The 17th Attack Squadron is a squadron of the United States Air Force. It is assigned to the 432d Wing, and stationed at Creech Air Force Base in Indian Springs, Nevada. The 17th is equipped with the MQ-9 Reaper.

== Overview ==
The 17th conducts intelligence, surveillance, and reconnaissance operating the MQ-9 Reaper remotely piloted aircraft.

== History ==
===World War II===
Constituted as 17 Photographic Reconnaissance Squadron on 14 Jul 1942. Activated on 23 Jul 1942 with Lightning P-38/F-5 reconnaissance aircraft at Colorado Springs AAB, CO. Redesignated as: 17 Photographic Squadron (Light) on 6 Feb 1943; 17 Photographic Reconnaissance Squadron on 13 Nov 1943. Deployed to the South Pacific Area, assigned to Thirteenth Air Force. Flew hazardous unarmed reconnaissance missions over enemy-held territory in Guadalcanal; New Guinea; Northern Solomon Islands; Bismarck Archipelago; Western Pacific; Leyte; Luzon; Southern Philippines; Central Burma and southeast China. Inactivated in the Philippines, 19 April 1946.
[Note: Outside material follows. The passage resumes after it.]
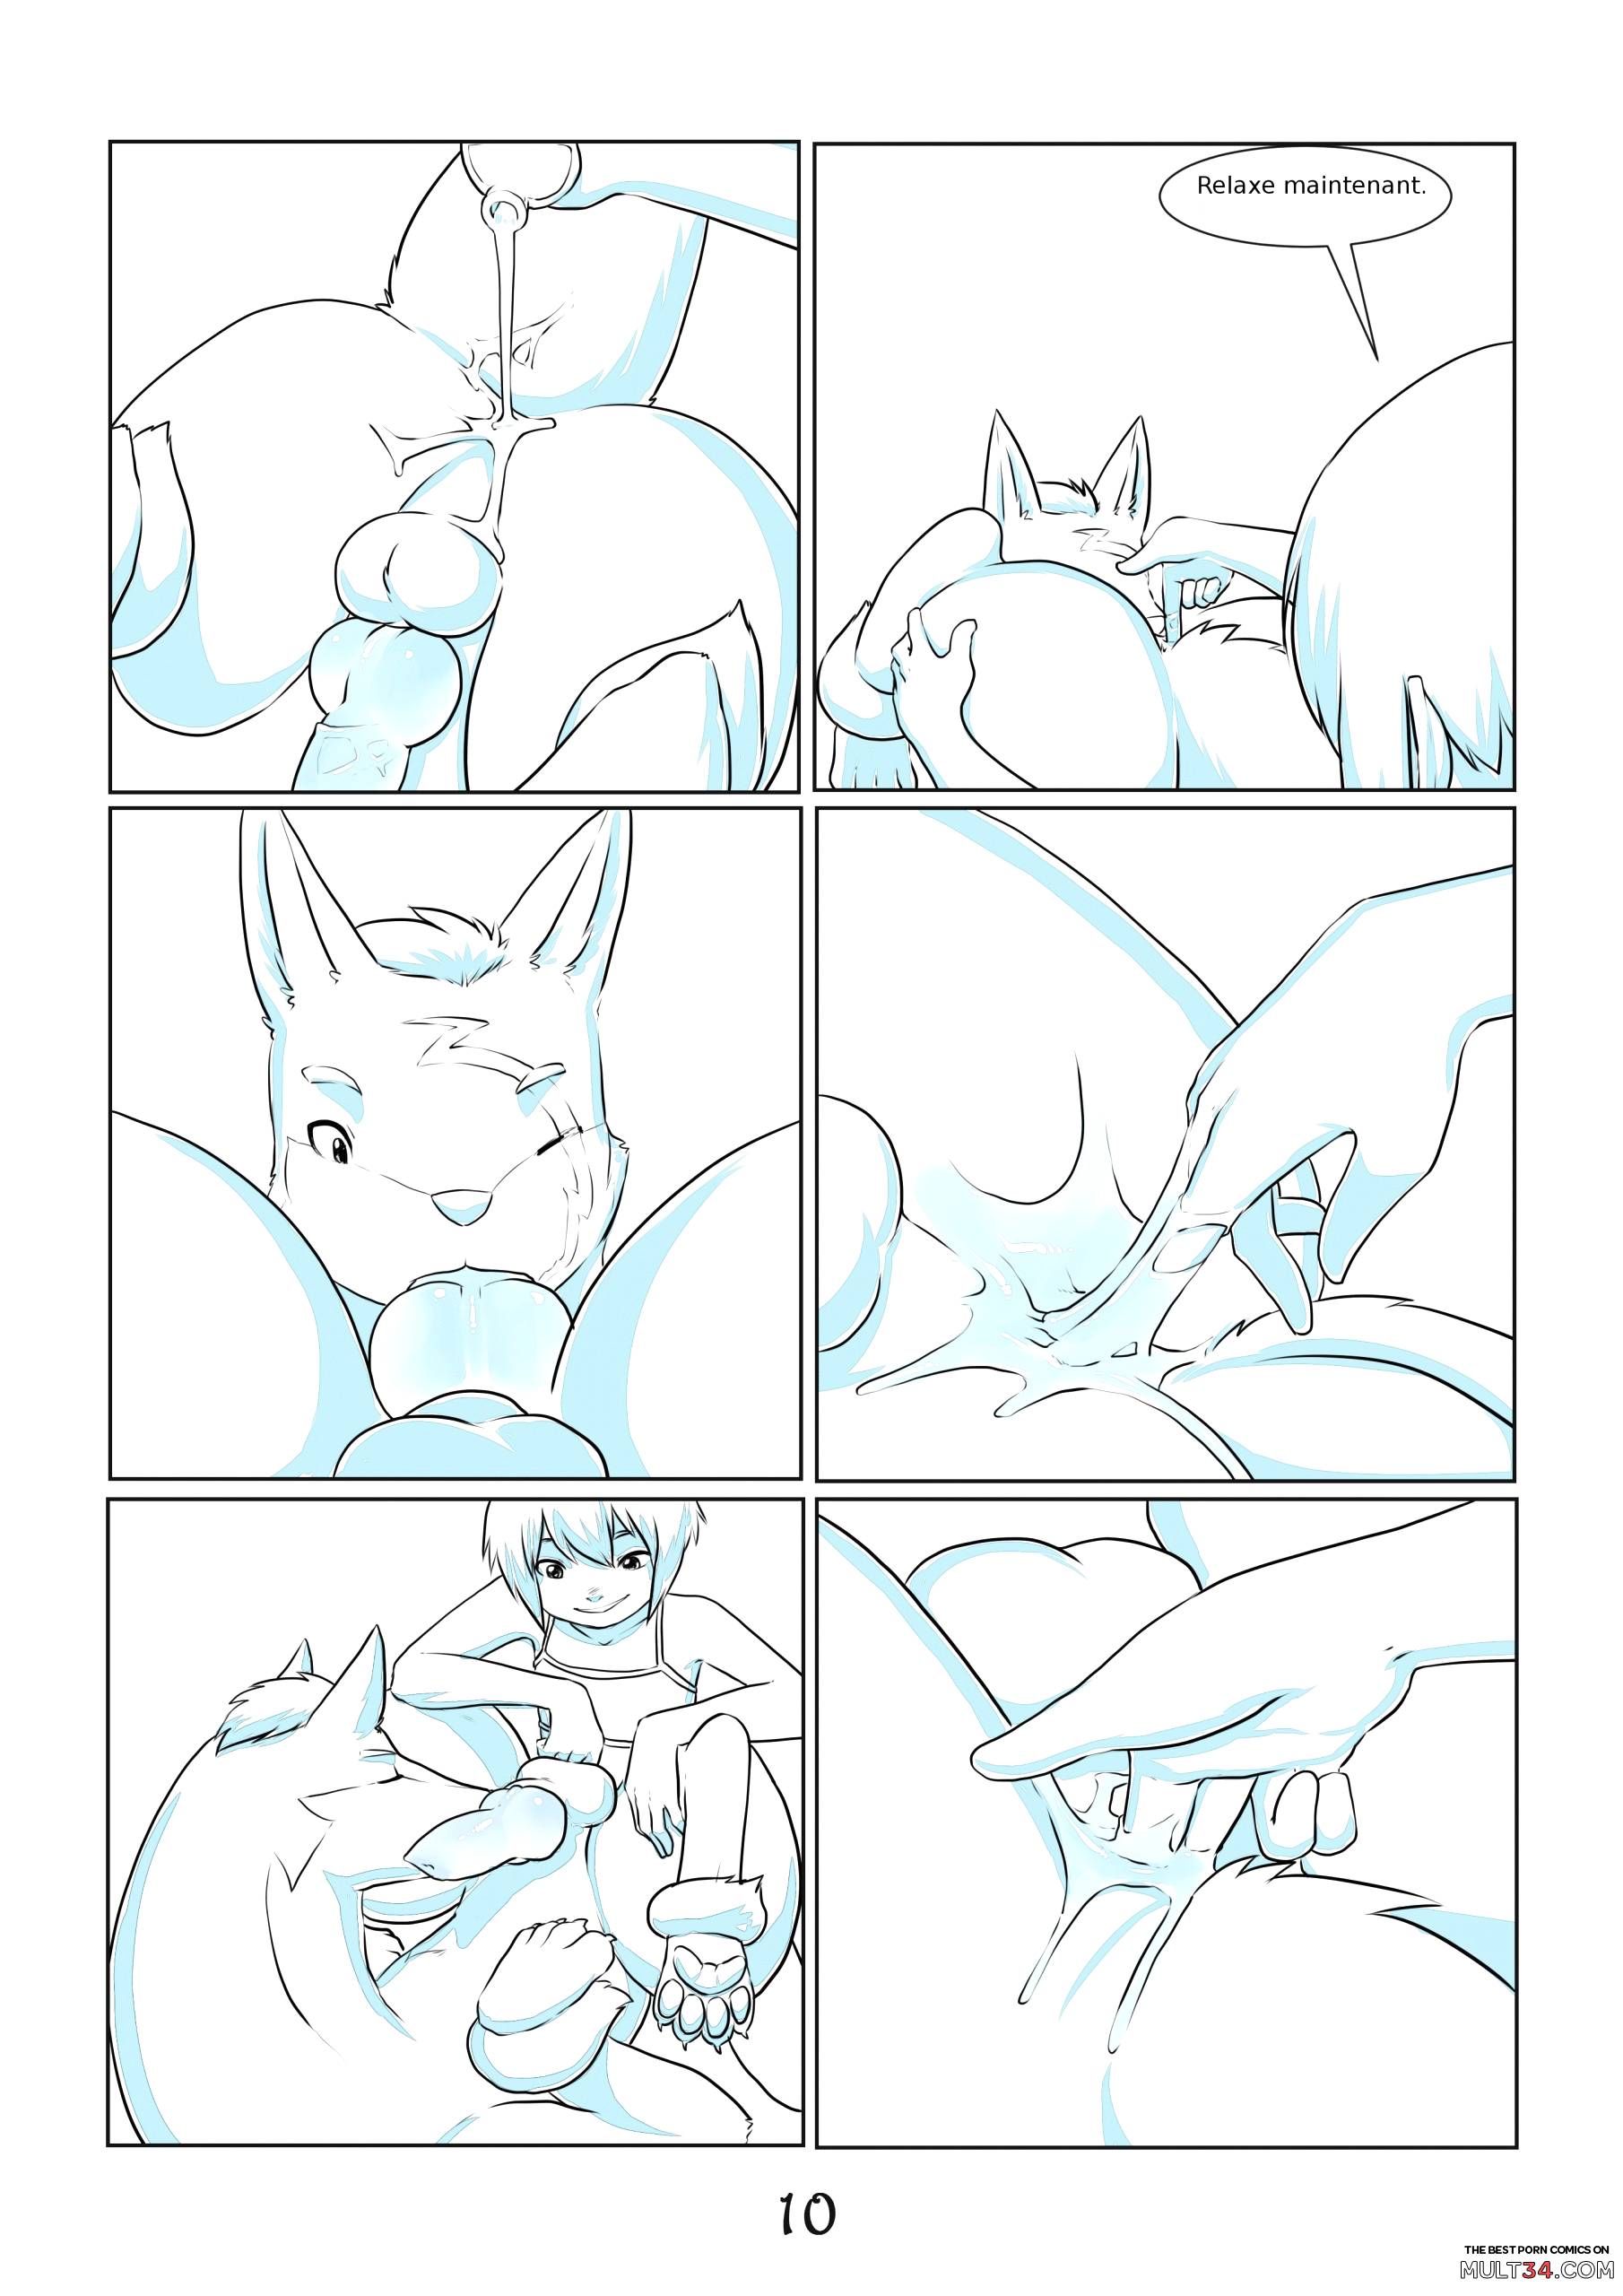 Tales of Rita and Repede - Episode 2 page 11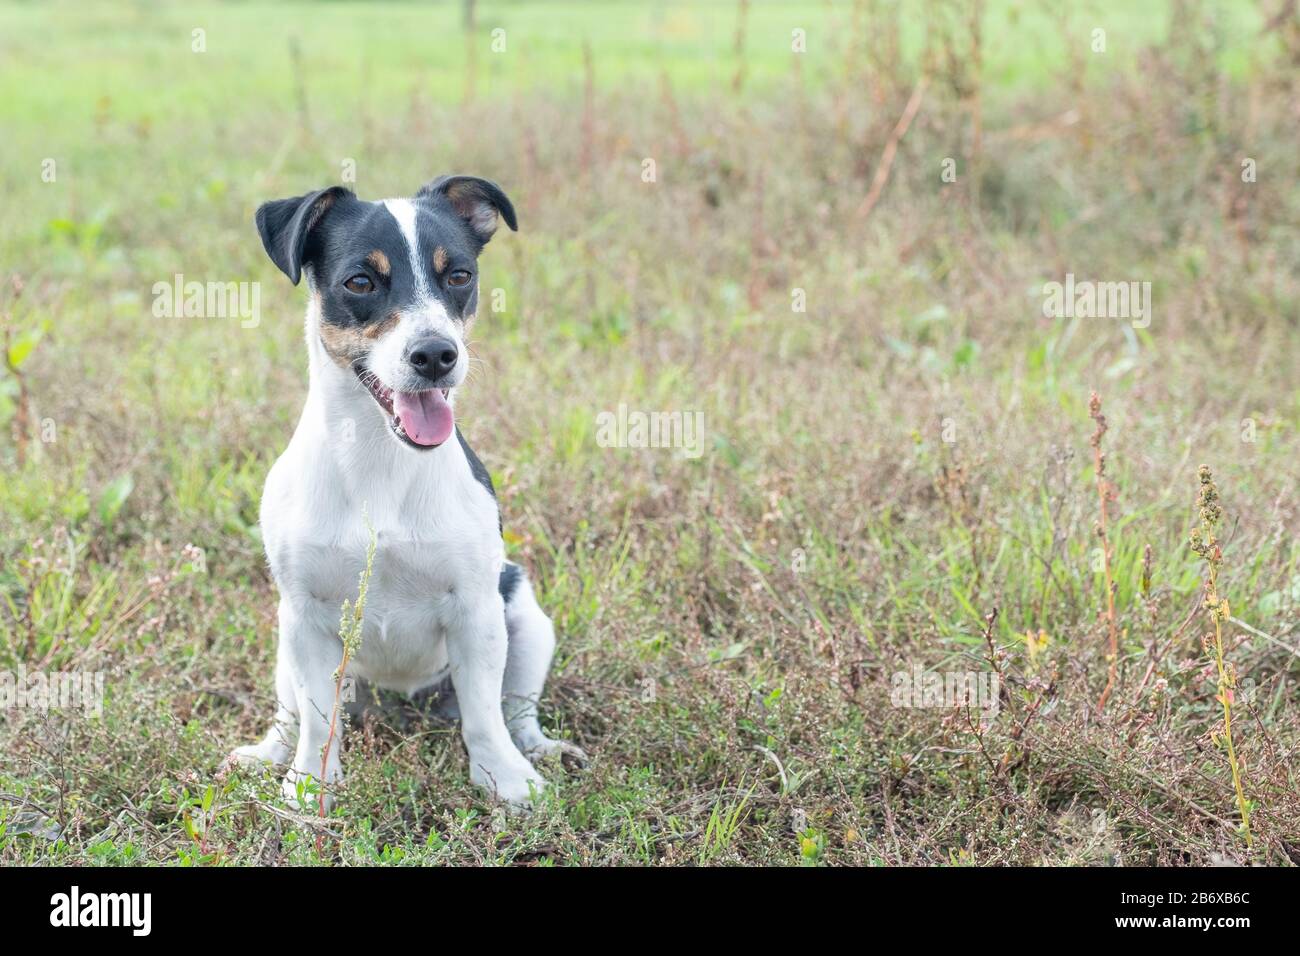 russell terrier black and white

Redesignated as 17 Tactical Reconnaissance Squadron, Photo-Jet on 1 Apr 1951. Activated on 2 Apr 1951 at Shaw AFB, South Carolina. Redesignated as 17 Tactical Reconnaissance Squadron on 1 Oct 1966. Inactivated 1 January 1979. Redesignated as 17 Reconnaissance Squadron on 4 Mar 2002. Activated on 8 March 2002 at Indian Springs AFAF (later, Creech AFB), NV. Redesignated as 17 Attack Squadron on 15 May 2016.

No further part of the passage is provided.